• _WHAT IS NEEDED_
Omitting all pictures, print the lines of the listing from the one containing "Pacific Northwest Teens Traveling Camp" through the final line, both ends included, with no other text.

• _RAW DATA_
◆ ◆ ◆ ◆ ◆ ◆ ◆
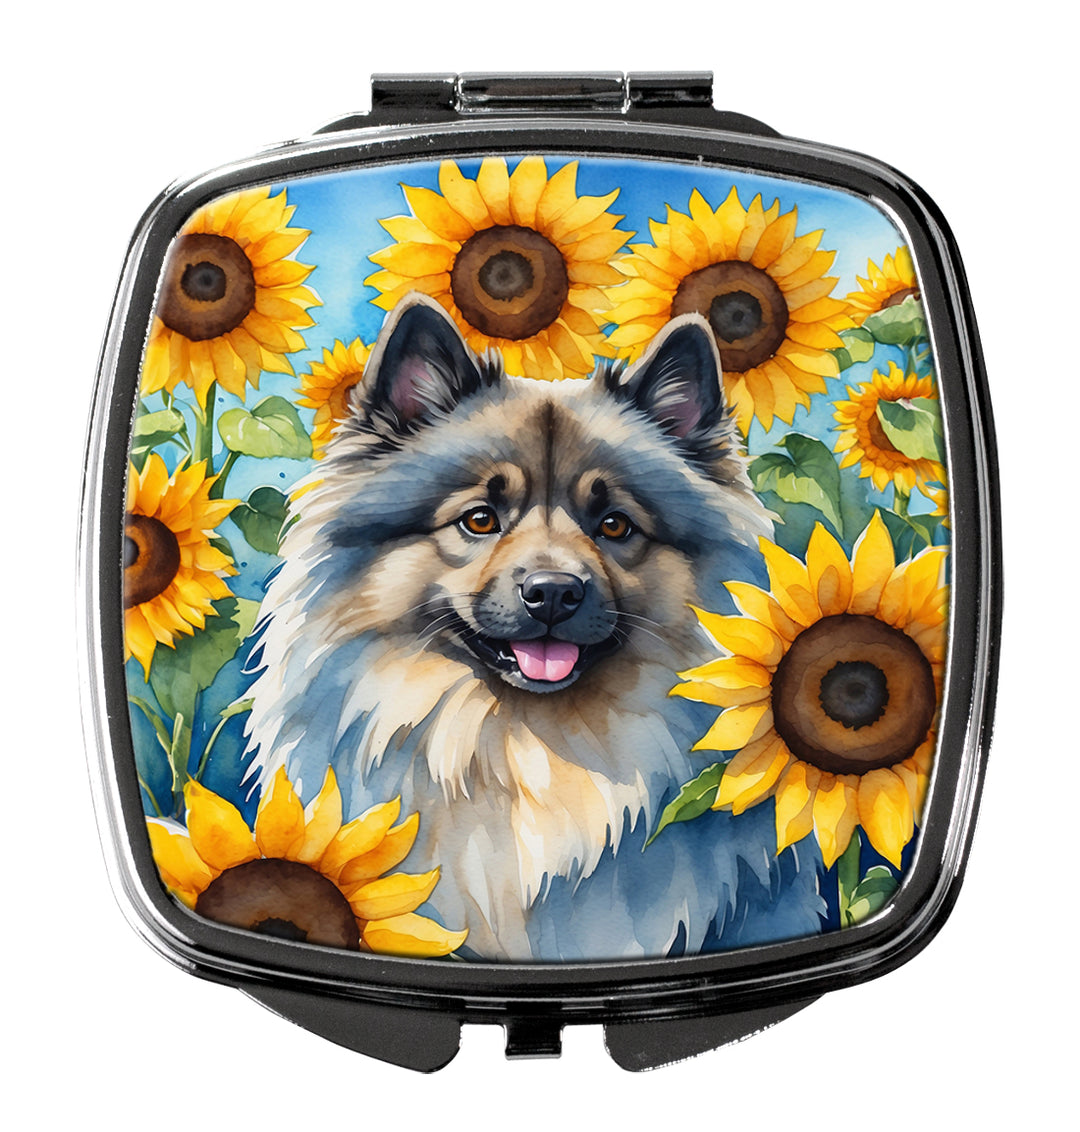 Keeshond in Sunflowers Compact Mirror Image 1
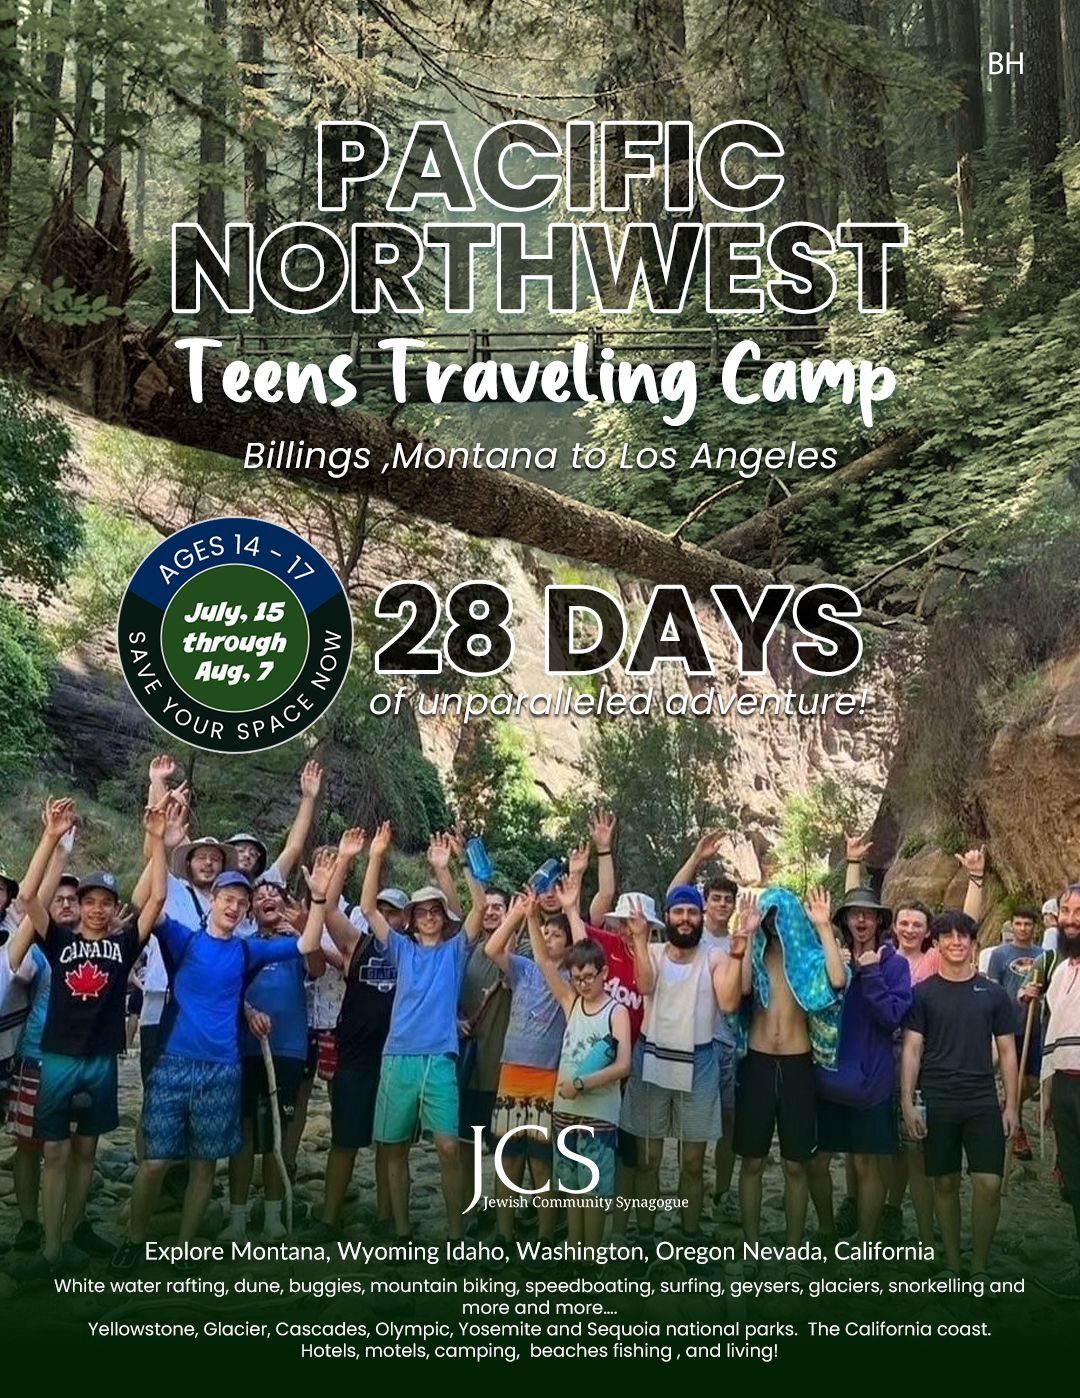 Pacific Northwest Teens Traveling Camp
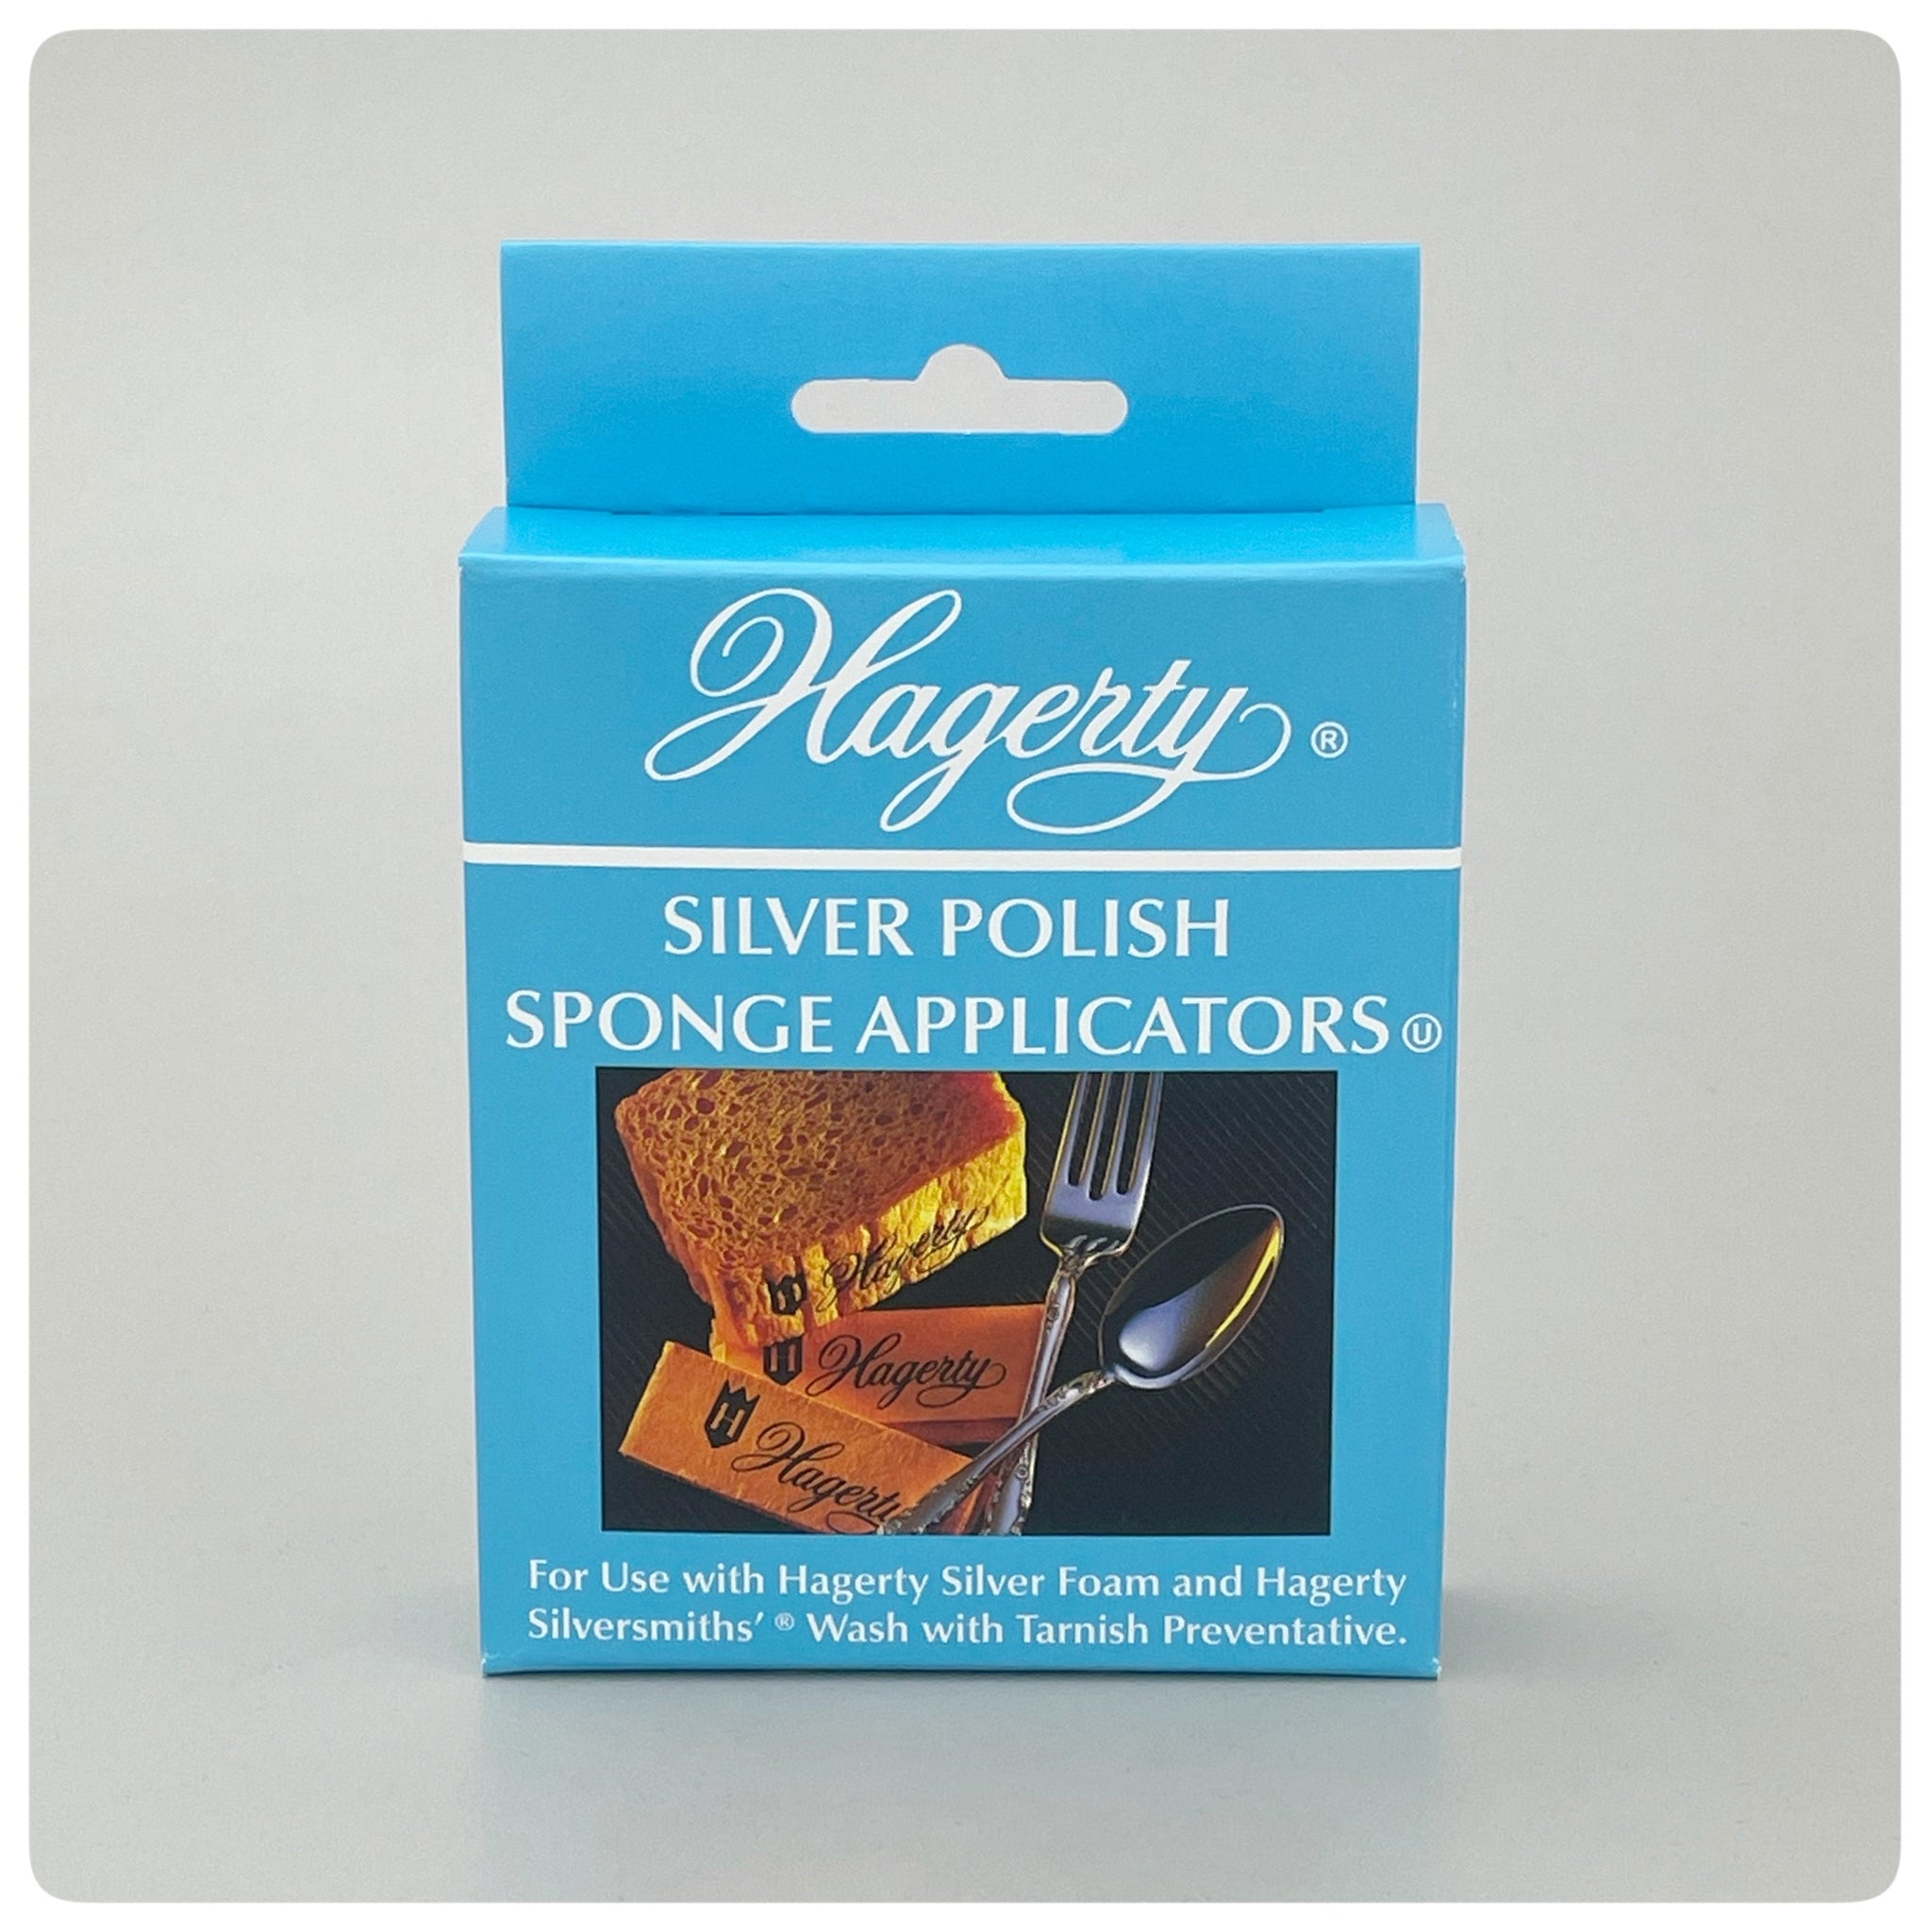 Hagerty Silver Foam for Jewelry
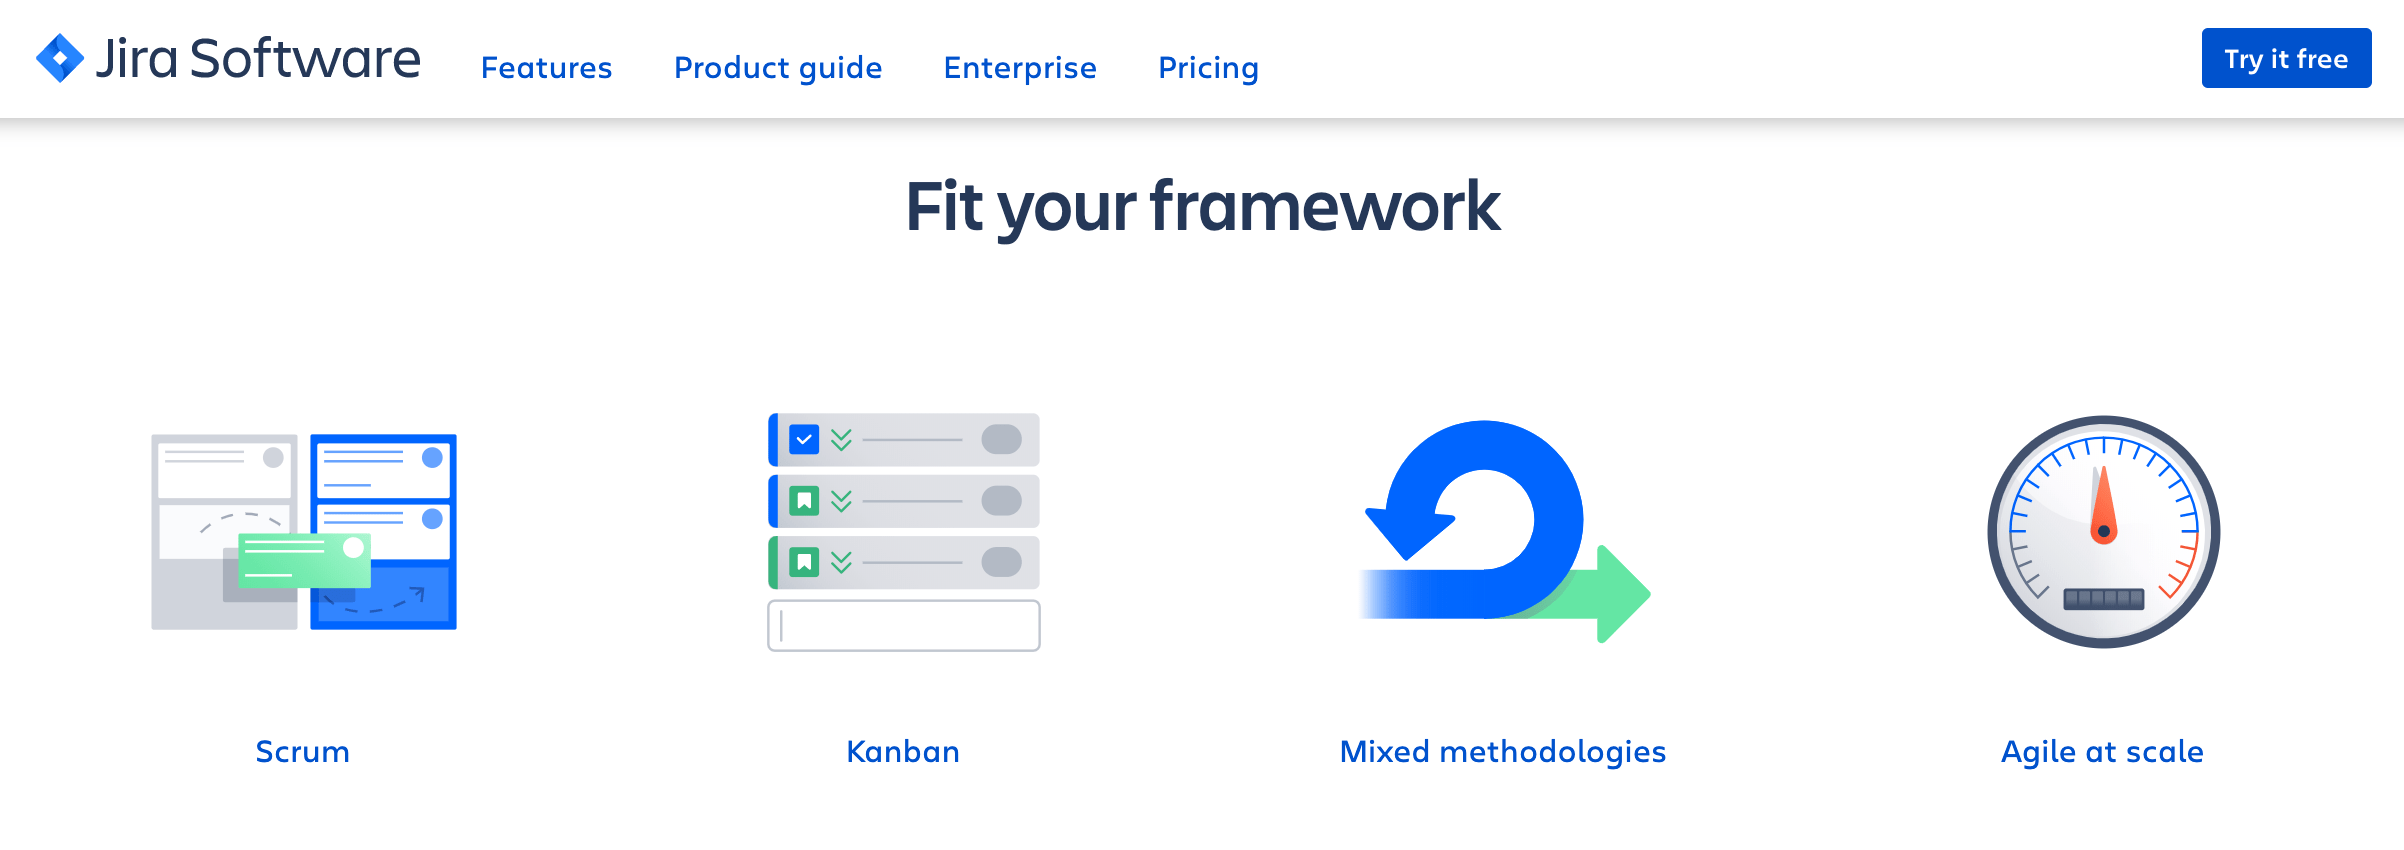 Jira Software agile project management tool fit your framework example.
◆ ◆ ◆ ◆ ◆ ◆ ◆
• _RESULT FOR THIS EXERCISE_
 Pacific Northwest Teens Traveling Camp
 Hagerty Silver Foam for Jewelry
 Jira Software agile project management tool fit your framework example.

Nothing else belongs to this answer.